As a general rule, an employer can terminate an employee’s employment during the trial period without it being necessary to serve either statutory notice or to make any severance payment.
Indefinite term contracts
The general rule is that once the trial period has ended, an employer cannot terminate an indefinite term contract without a statutory reason, unless the employer pays the employee a statutory termination payment, in consideration of the fact that the termination is unjustified/unfair. If the employer can produce evidence to show that there are disciplinary reasons/gross misconduct for terminating the employee’s employment, no statutory payments apply and no period of notice is to be served.
Fixed term contracts
When a fixed term contract is terminated by expiry of its term, a termination payment equivalent to 12 days’ pay per year of service is payable.
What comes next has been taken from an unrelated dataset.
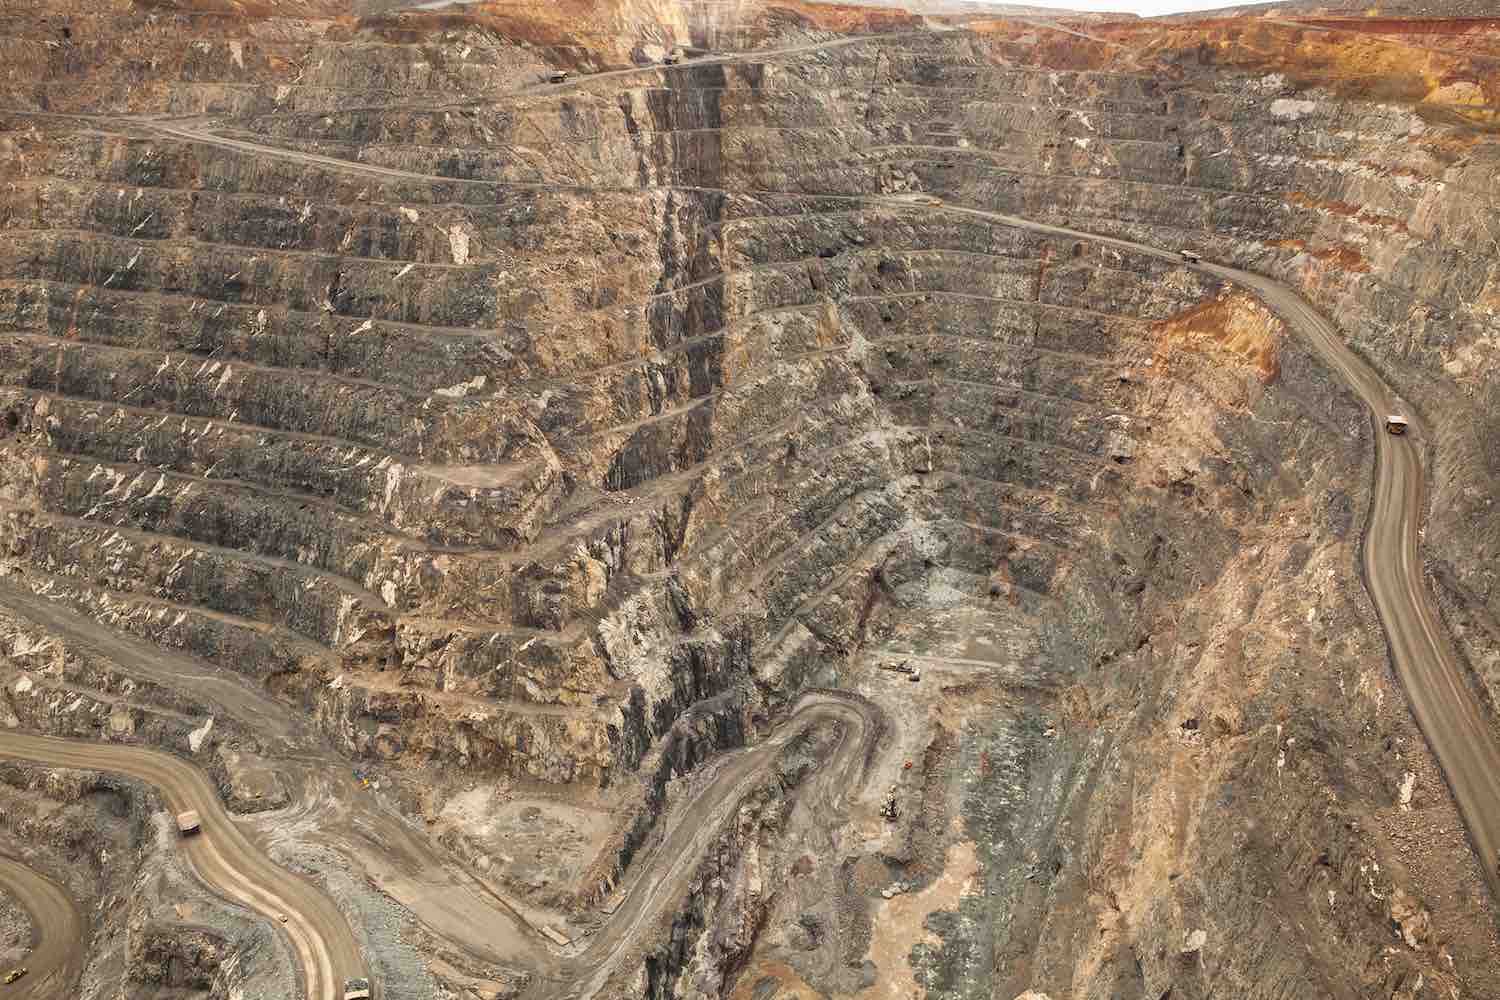 haulage-systems-for-open-pit-mines

Disciplinary dismissal or redundancy determined as unjustified/unfair
Reinstatement or statutory unfair severance (combination of 45 days’ salary for each year of service up to and including 11 February 2012 plus 33 days’ salary for each year of service completed from 12 February 2012, until the termination date). Severance compensations are tax free, capped at €180,000, provided that the parties ratify the settlement agreement before an official body (so-called Conciliation Chambers).
There are no categories of employee who cannot be dismissed. There are, however, certain situations or circumstances where enhanced employment protection applies, such as reasons connected with discrimination, pregnancy, maternity and after childbirth (during the nine months following the childbirth), paternity, union membership or staff working reduced hours to care for young children. In such cases, specific rules may apply so that, for example, in certain cases the dismissal is likely to be held null and void. In practice, this means that employees in these protected categories can only be dismissed by following a very onerous procedure which usually means in practice that it is necessary to offer termination payments above the statutory amounts.
Different rules apply to the termination of senior executive employment relationships (as defined by Royal Decree 1382/1985). Senior executives can be terminated:
- by unilateral decision of the employer without specific cause (ie contractual withdrawal by employer), in which case he/she is entitled to an indemnity of seven days’ pay for each year of service, up to a maximum of six months’ pay, or such other indemnity as may have been agreed, or
- for a disciplinary reason – if the disciplinary dismissal is found to be unfair, he/she will be entitled to receive a severance payment of 20 days’ pay for each year of service subject to a maximum of 12 months’ pay .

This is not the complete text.